By Karl Cole, posted on May 8, 2026

The Republic of Venice was established as a Duchy of the Byzantine Empire in 697, and was nominally its own country until Napoleon conquered Italy in 1797, not long after Pietro Longhi’s passing. Longhi’s art reflects the wealth, sophistication, and up-to-date artistic aesthetics that Venice was home to for centuries.

 


This Day in History 8 May, 1785: Passing of painter Pietro Longhi (born 1702 Venice)

Painting by Pietro Longhi titled "Woman at her Toilette"
Pietro Longhi, Woman at Her Toilette, ca. 1740, oil on canvas, 56.9 x 43.9 cm  © 2026 Art Institute of Chicago (A6448)

 

Longhi's depiction of elegantly dressed wealthy people is worthy of French Rococo painting. The glittering elite are contrasted against a neutral background. Focusing on rich people fussing about their morning dress routine is an ironic artistic statement. It reflects the common dissatisfaction with the upper classes, a sentiment that, in some countries, built towards the democratic revolutions in the late 1700s.

Longhi's genre scenes typically feature elegantly dressed women as the central focus.
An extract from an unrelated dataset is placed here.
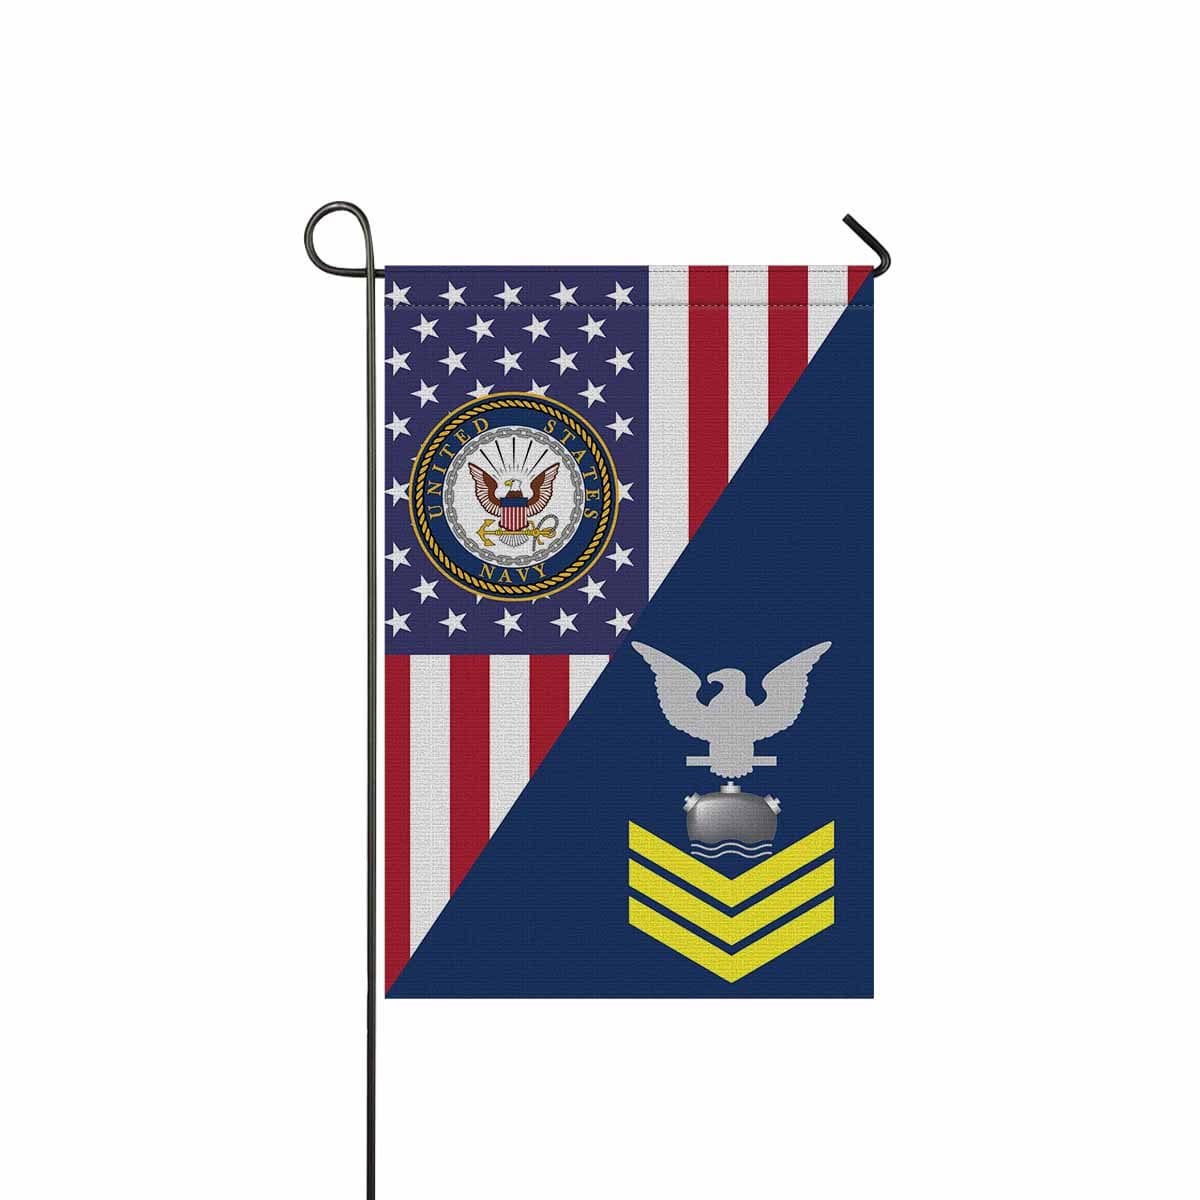 Navy Mineman Navy MN E-6 Gold Stripe Garden Flag/Yard Flag 12 inches x 18 inches Twin-Side Printing-GDFlag-Navy-Rating-Veterans Nation

In this toilette scene, they are dressed in the height of Rococo French fashion, with even the female toddler sporting the side hoops (paniers) in her skirt, with the waist-slimming stomacher in her bodice, while holding a fan. The woman completes her toilette by deciding which flowers to adorn her bosom with. The characters are inevitably generalized idealizations of fashionable young people with more emphasis on the elegance of the idle rich rather than specific individuals. Longhi's interiors also express the conceits of the wealthy in their fashionably appointed apartments. In this painting, he details the fad for anything Chinese or Japanese for the wealthy during the Rococo period in the Chinoiserie pattern of the wallpaper.

Background

While the paintings of the French Rococo celebrate the mindless frivolity of the ruling class, many artists of the 1700s, particularly in Britain and Italy, enjoyed using the visual language of the Rococo in subjects that focused on everyday life. This was particularly effective in works that pointed out the artificiality of social conventions among the wealthy, a reflection of Enlightenment ideals.

 Italy had no central court that guided the development of a distinctive Italian school of painting from Renaissance times on. Painting styles still varied from region to region oriented around major cities -- Florence, Rome, and Venice.

Pietro Longhi, born and based in Venice, originally trained as a history painter, but later studied under the genre painter Giovanni Maria Crespi (1665-1747). His genre subjects bear the influence of the French Rococo artist Nicolas Lancret (1690-1743), but, they also include elements of Dutch Baroque genre painting, a large collection of which existed in Venice at the time. He devoted himself to scenes of everyday life, and produced some portraits and landscapes.